Wie stark dieser Effekt ist, zeigt die Statistik. 2022 ist die Nachfrage für Kaufobjekte nach Scout-24-Daten um die Hälfte eingebrochen, während sie 2021 noch um gut ein Drittel gestiegen war. Spiegelbildlich wurde aus einem dortigen Angebotsrückgang 2021 von einem Fünftel ein Angebotsplus von fast 50 Prozent. „Der Immobilienmarkt ist schwieriger als je zuvor“, betont Hartmann.

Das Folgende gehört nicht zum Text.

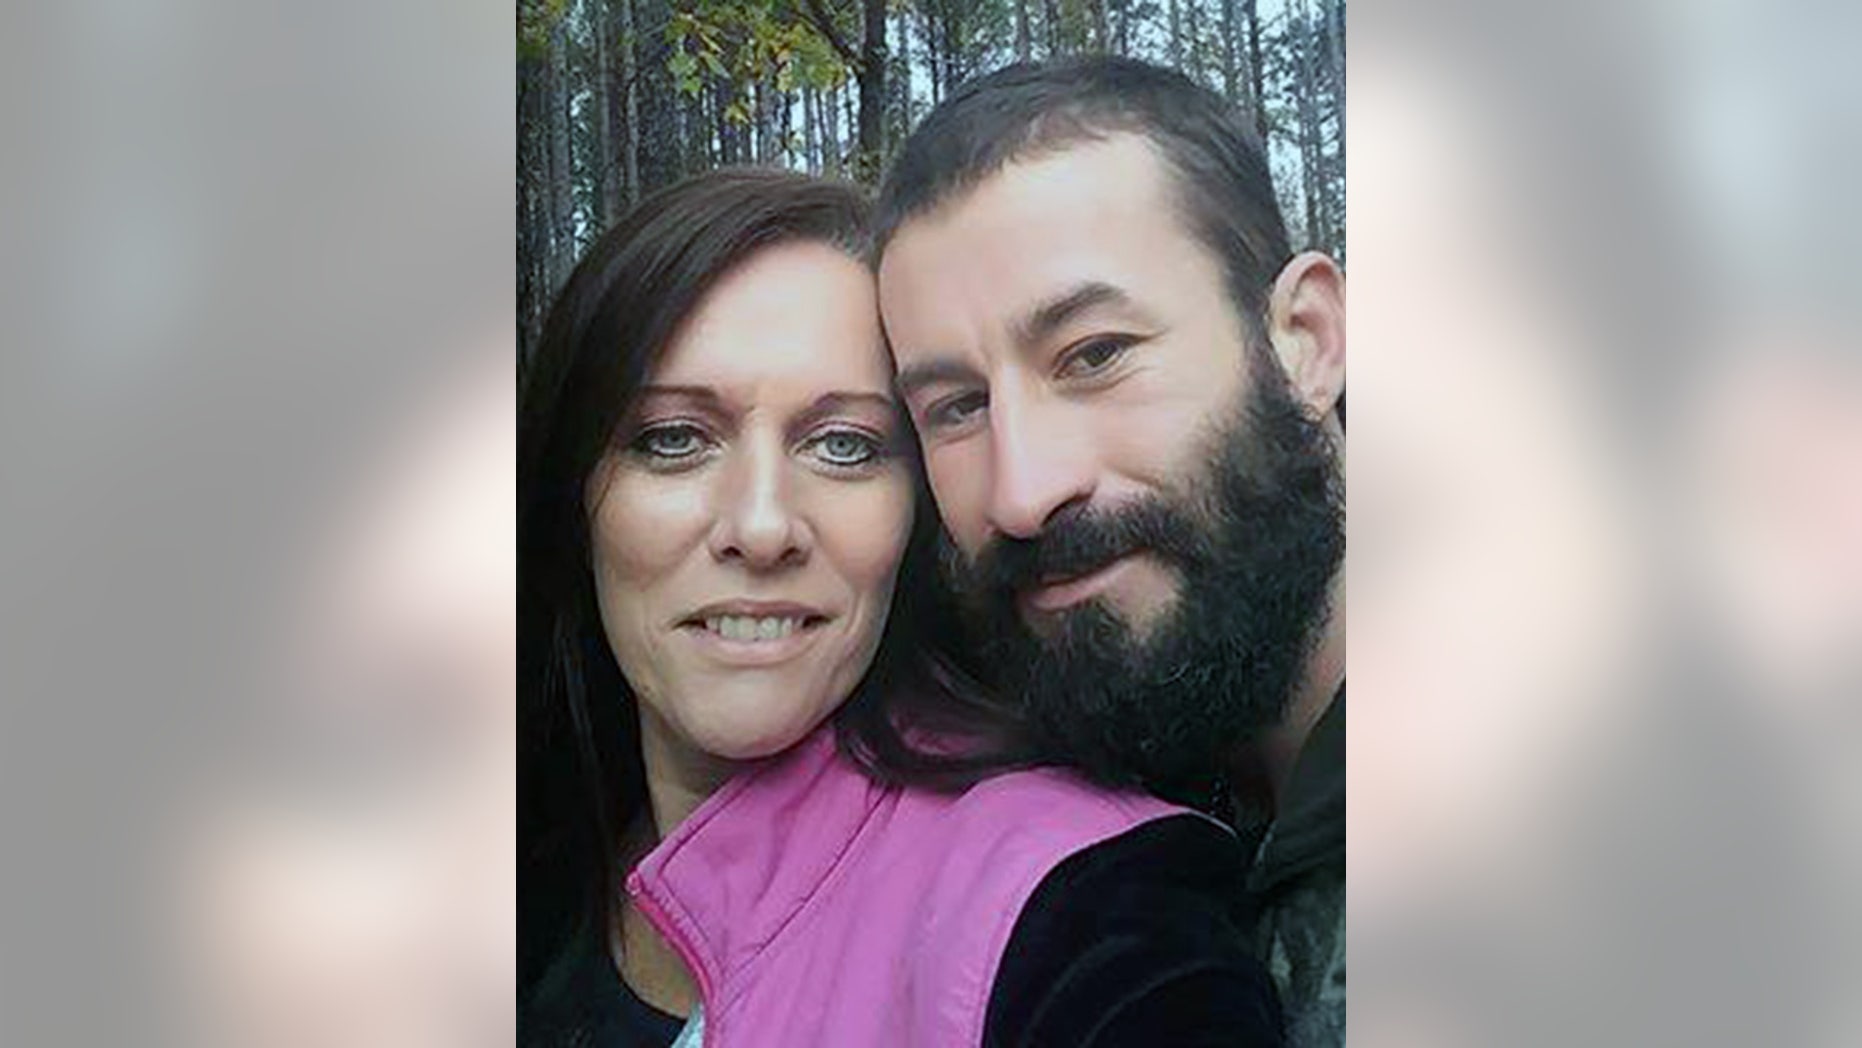 Missing Georgia couple found dead in apparent murder-suicide, police say

„Wir gehen von weiter steigenden Mietpreisen aus“
Das zeigt sich vor allem am Mietmarkt. Habe das Nachfrageplus nach Mietwohnungen 2021 im Vorjahresvergleich noch 4 Prozent betragen, sei es 2022 auf 41 Prozent explodiert, beschreibt der Scout-24-Chef die Entwicklung. Zugleich habe sich das Angebotsminus, das 2021 7 Prozent betragen habe, voriges Jahr auf 20 Prozent verdreifacht. Eine Studie des Pestel-Instituts und des schleswig-holsteinischen Instituts Arbeitsgemeinschaft für zeitgemäßes Bauen hat das bundesweite Wohnungsdefizit soeben auf rund 700.000 Wohnungen beziffert. In Berlin als dem bundesweit schlimmsten Markt für Wohnungssuchende ist die Leerstandsquote seit 2013 von über 5 auf unter ein Prozent gesunken. Die Prognose Dirk Schmelzers klingt angesichts dieser Entwicklungen zwangsläufig. „Wir gehen von weiter steigenden Mietpreisen aus“, sagt der Scout-24-Finanzchef für 2023 voraus.
Innenministerin Faeser verspricht mehr Wohnraum für Geflüchtete
Nach dem Flüchtlingsgipfel in Berlin am Donnerstag betonte Faeser vor allem auch den Aspekt, dass zusätzlicher Wohnraum für Geflüchtete mobilisiert werden soll.
© Quelle: Reuters
Auch bei den Kaufpreisen für Häuser oder Wohnungen könnte die jüngste preisliche Entspannung nur eine kurze gewesen sein. „In den deutschen Metropolen steigen die Kaufpreise bereits wieder“, weiß Hartmann. Im Schlussquartal 2022 hatte Scout 24 erstmals seit Langem in Deutschland wieder sinkende Preise für Kaufimmobilien registriert. In der Spitze um bis zu einem Zehntel ging es nach unten, im Schnitt um knapp 3 Prozent bei neu gebauten Häusern bis zu durchschnittlich gut 6 Prozent bei neu gebauten Wohnungen. Um etwa 3 Prozent stärker verfallen sind allgemein die Preise von schlecht wärmegedämmten Objekten. Das könnte es im Wesentlichen aber schon gewesen sein mit sinkenden Immobilienpreisen in Deutschland.
Die Kaufpreise für Wohnraum steigen in Metropolen schon wieder
„Wir glauben, dass in vielen Regionen damit ein Plateau erreicht ist“, schätzt Hartmann. Sicher sei das allerdings nicht, da der Markt von vielen Ungewissheiten belastet sei. Nicht in Gefahr sieht er jedoch Wohnungen und Häuser als Kapitalanlage. Trotz der Preisverfälle gegen Ende vorigen Jahres hätten die durchschnittlichen Kaufpreise für Wohnungen und Häuser 2022 insgesamt über dem Niveau des Vorjahres gelegen. Im Fünfjahresvergleich lägen sie um gut die Hälfte höher und im Zehnjahresvergleich um fast das Doppelte. Hausbesitzer dürfte das beruhigen. Mieter und damit die Masse der Deutschen haben davon nichts. „Wohnungssuchende stehen vor sehr großen Herausforderungen“, warnt Hartmann.
Für Scout 24 als Immobilienplattform war das turbulente Jahr 2022 dagegen durchaus geschäftsfördernd. Der Umsatz wuchs um 15 Prozent auf 448 Millionen Euro, der operative Gewinn um 13 Prozent auf 251 Millionen Euro. Unter dem Strich blieb ein Nettogewinn von 124 Millionen Euro. Für 2023 peilt der Konzern einen um rund 12 Prozent steigenden Umsatz und etwas stärker wachsende Gewinne an.